▸ **Data**
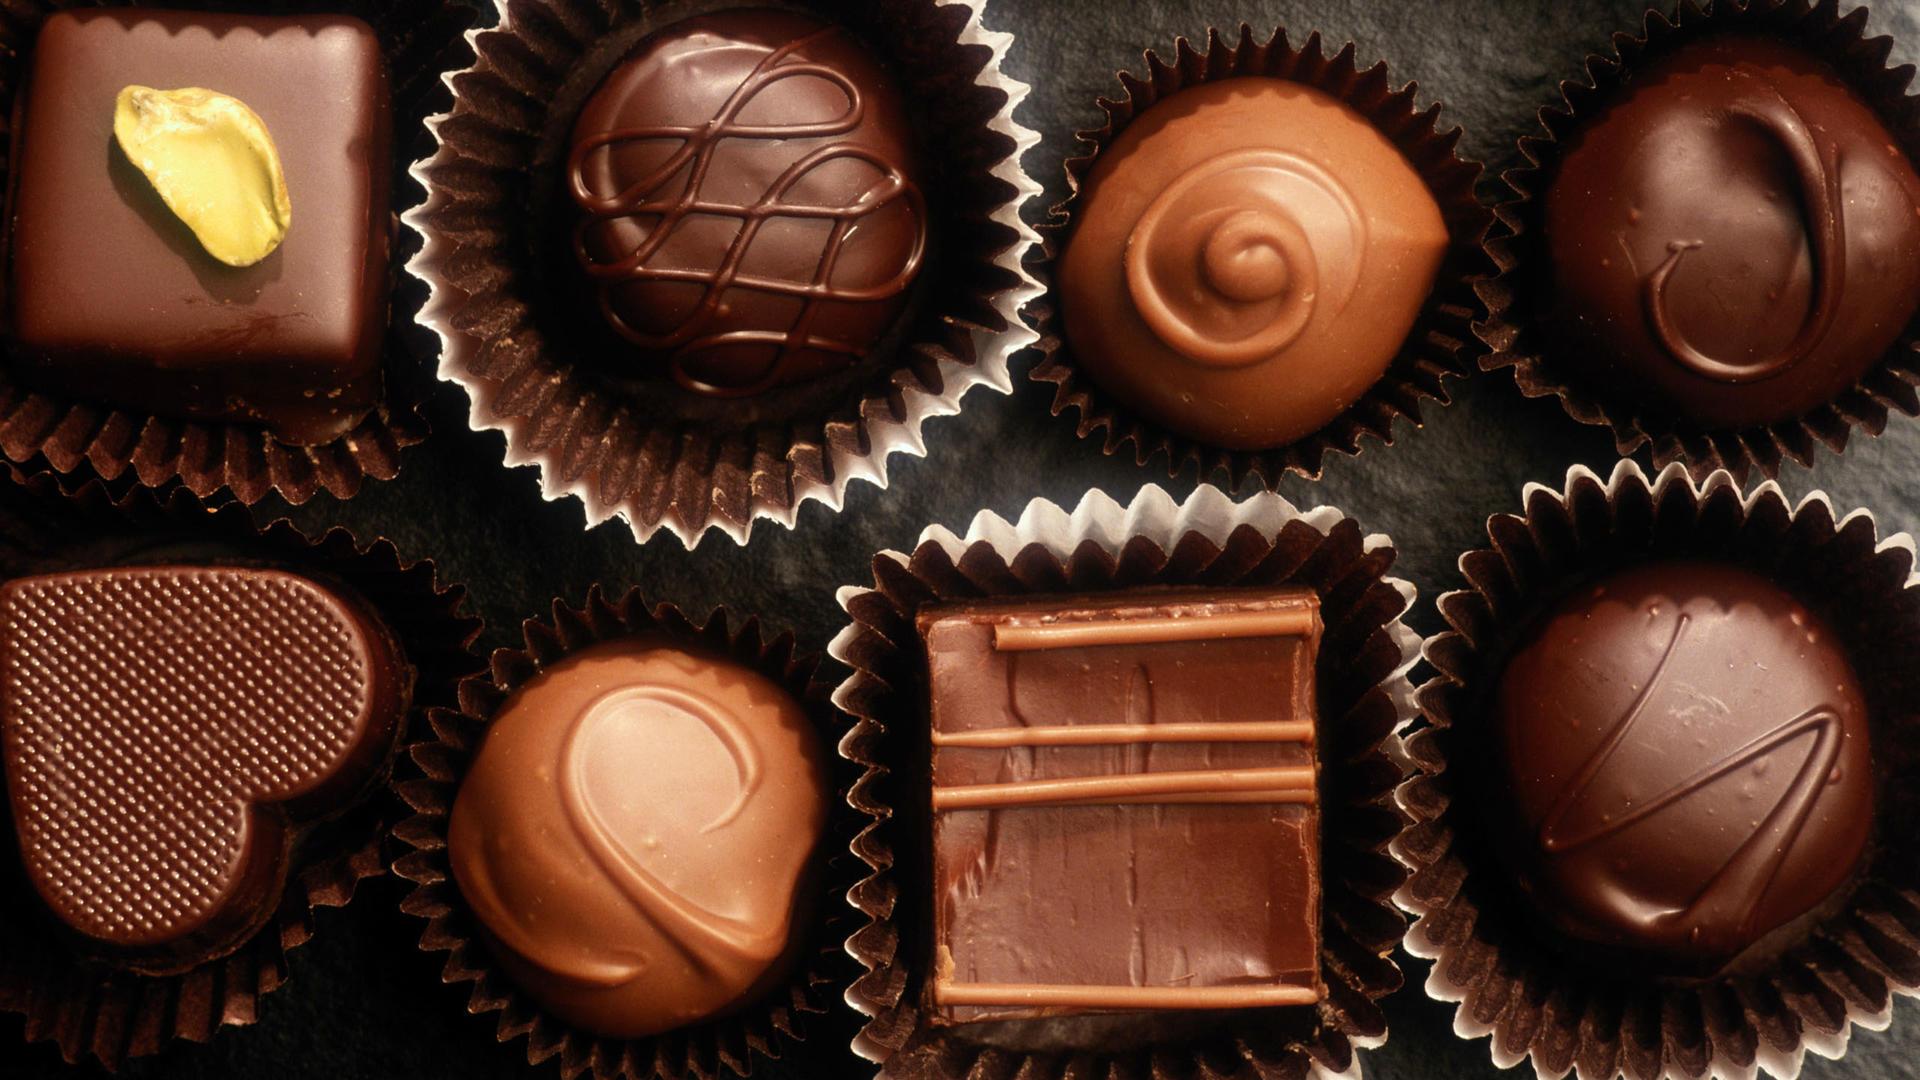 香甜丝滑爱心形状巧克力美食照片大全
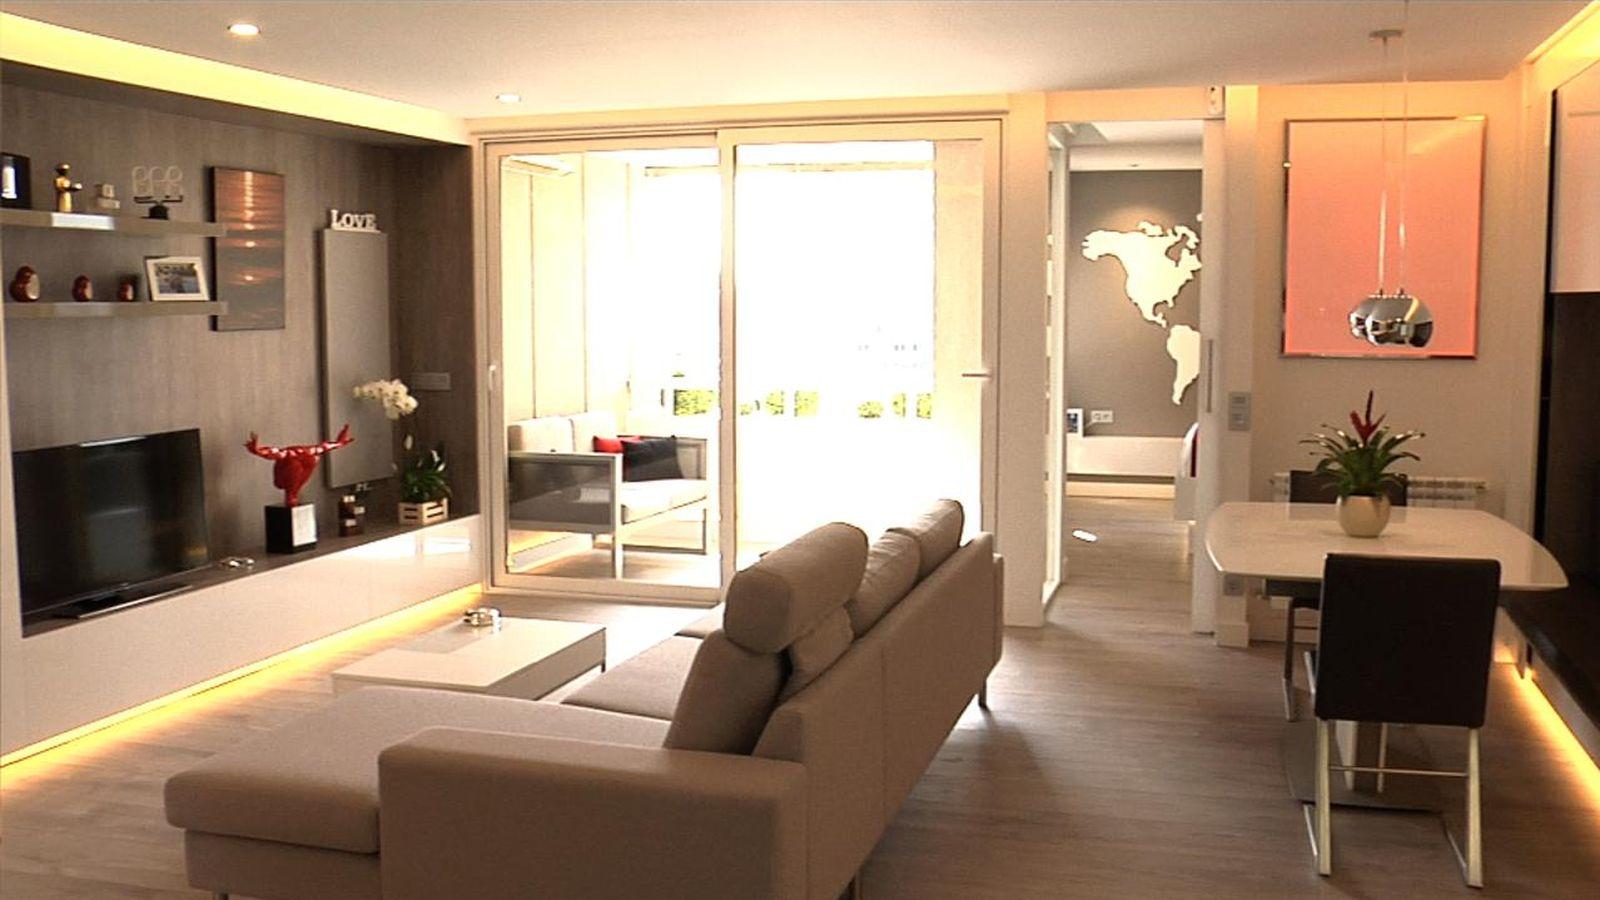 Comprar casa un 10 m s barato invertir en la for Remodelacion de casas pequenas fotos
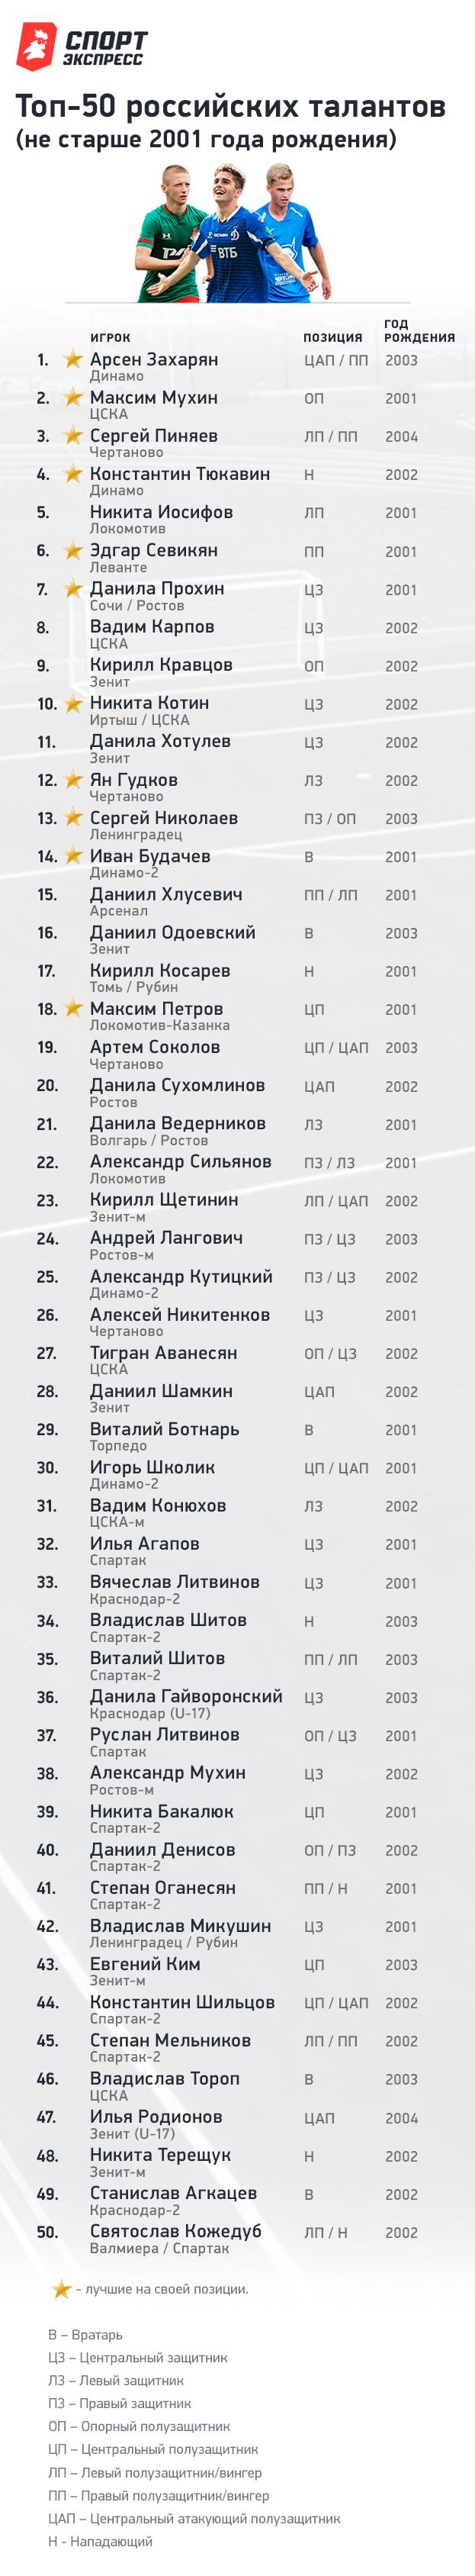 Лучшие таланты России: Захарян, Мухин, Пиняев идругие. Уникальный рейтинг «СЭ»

▸ **Problem statement**
Give the preceding data back exactly, minus every picture.

▸ **Task output**
 香甜丝滑爱心形状巧克力美食照片大全
 Comprar casa un 10 m s barato invertir en la for Remodelacion de casas pequenas fotos
 Лучшие таланты России: Захарян, Мухин, Пиняев идругие. Уникальный рейтинг «СЭ»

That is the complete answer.